Provenge was the first vaccine therapy used to treat spreading prostate cancer. Researchers harvested a patient’s healthy immune cells and re-entered them into the body by intravenous therapy. It didn’t work well in 2010 when Provenge was approved, but scientists learned a lot – mainly concluding that they had been starting too late with the vax therapy when the patient’s immune system was already compromised.

“Early cancer vaccine research faltered as cancer outwitted and outlasted patients’ weak immune systems,” Olja Finn, a researcher at the University of Pittsburgh School of Medicine, told AP. Still, this is an expansive way of looking at cancer and is recognized as the new frontier in research. Liver cancer, for example, has been prevented with a Hepatitis B vax; more recently, HPV vaccines have been widely used to prevent cervical cancer.

Although the idea of this medical protocol was published as far back as 2007 in the National Library of Medicine, studies are now taking place with those in the initial stages of cancer, like ductal carcinoma in situ, an early form of breast cancer.

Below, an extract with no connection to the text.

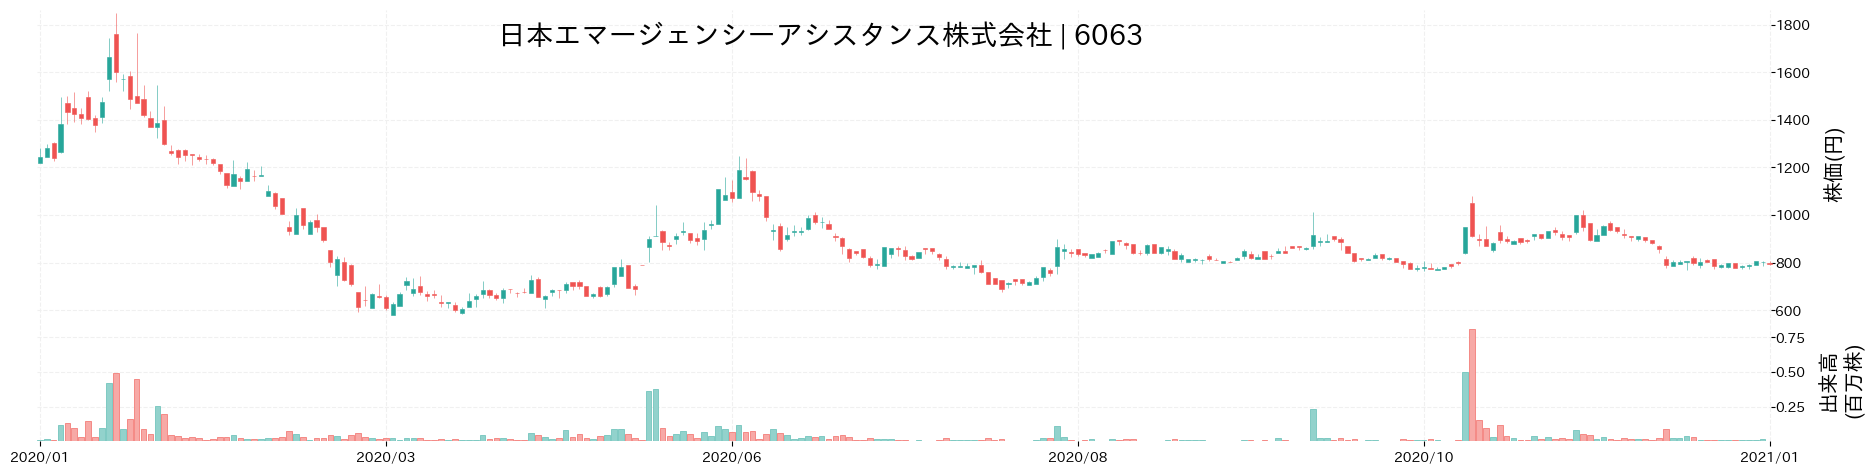 日本エマージェンシーアシスタンスの株価推移(2020)

During the intervening years, researchers have been trying to teach the T cells in a patient’s body how to recognize, hunt down, and kill cancer cells.

CDC graph

Credit: CDC

Memorial Sloan Kettering Cancer Center pointed out, “These vaccines have two main ingredients: distinctive markers called antigens that distinguish cancer cells from normal cells and a chemical ‘red flag’ called an adjuvant that alerts the immune system that cancer is present. When injected, this powerful combination jump-starts an immune response to the cancer. Immune cells can then find and destroy cancer cells in the body.”

Aside from these, the Food and Drug Administration has approved three vaccines to treat cancer. BCG live is used in early-stage bladder cancer, Sipuleucel-T is approved for prostate cancer, and Talimogene laherparepvec is used for melanoma.

Finding a cure for cancer has always been a heavy lift for medical researchers, but their progress is undeniable. According to the Centers for Disease Control and Prevention, cancer death rates have dropped 27% from 2001 to 2020. The leading cause of death was lung cancer, with men outpacing women by 16%. If administered early, a vaccine that could halt the spread of such a menacing disease, and add years to the lives of those who contract it, would be a real game-changer.